Инадзо Нитобэ - Японский воин
Глава 11
Самообладание
Дисциплина духа, с одной стороны, прививая способность переносить напасти без единого стона, и понятие вежливости, с другой, требуя не нарушать чужого покоя и удовольствия выражением собственного горя или боли, вместе породили стоический образ мыслей, в конечном итоге превратив его в национальную черту видимого стоицизма. Я говорю «видимого стоицизма», ибо не верю, что истинный стоицизм может стать национальной чертой всего народа, а также потому, что некоторые из наших обычаев и традиций могут показаться жестокосердными иностранному наблюдателю. Тем не менее на самом деле мы так же восприимчивы к нежным чувствам, как и любой другой народ на белом свете.
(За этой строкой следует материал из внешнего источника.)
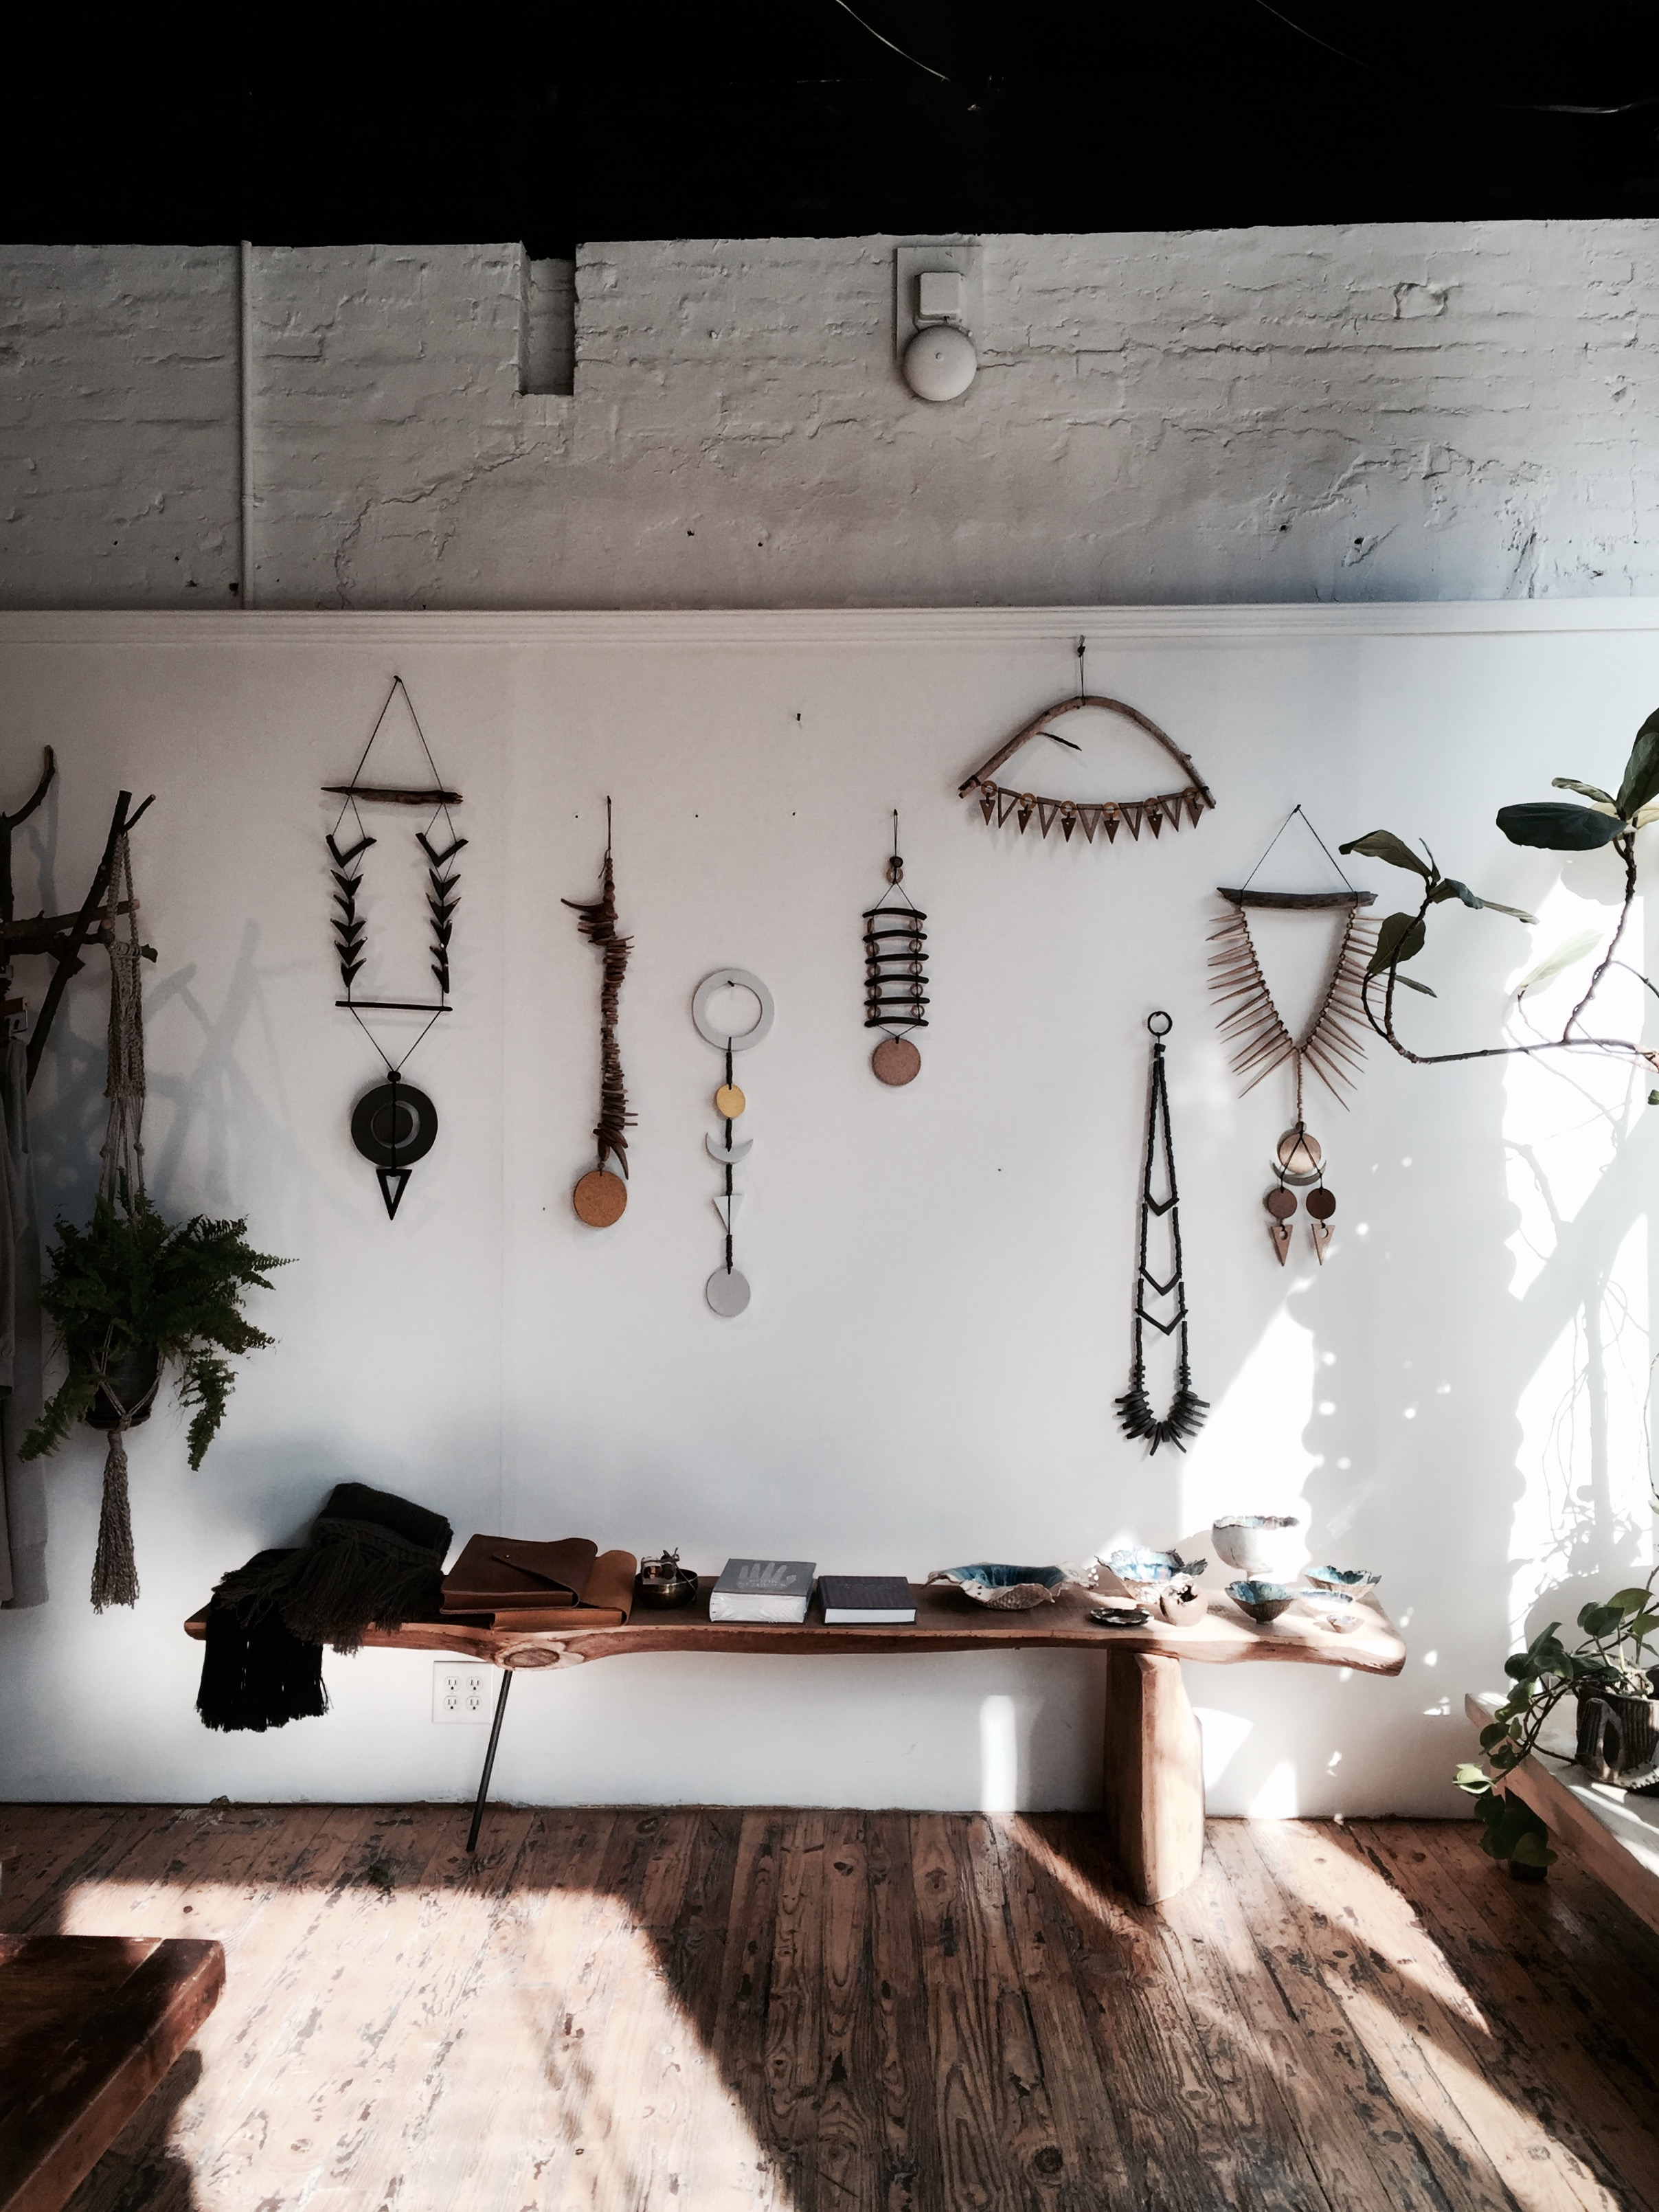 ROSE & IVY Journal Pretty Shops Oroboro Brooklyn

Я склонен думать, что в определенном смысле мы чувствуем сильнее, чем другие народы, – да, вдвое сильнее, – поскольку подавление естественных порывов само по себе влечет страдание. Представьте себе мальчиков – да и девочек тоже, – воспитанных так, чтобы не давать воли слезам и стонам ради облегчения боли или горя, и вот перед вами психологическая проблема: укрепляют ли нервы такие старания или делают их еще чувствительнее.
Считалось не достойным для самурая выдавать душевное волнение. «Он не выказывает ни гнева, ни радости» – такими словами описывали человека сильного характера. Все самые естественные привязанности сдерживались. Обнять сына для отца значило уронить свое достоинство; муж не целовал жену – во всяком случае, только при посторонних, как бы он ни вел себя с ней наедине! Пожалуй, есть доля правды в шутке одного остроумного юноши, сказавшего: «Американские мужья целуют жен на людях и бьют дома; японские мужья бьют жен на людях и целуют дома».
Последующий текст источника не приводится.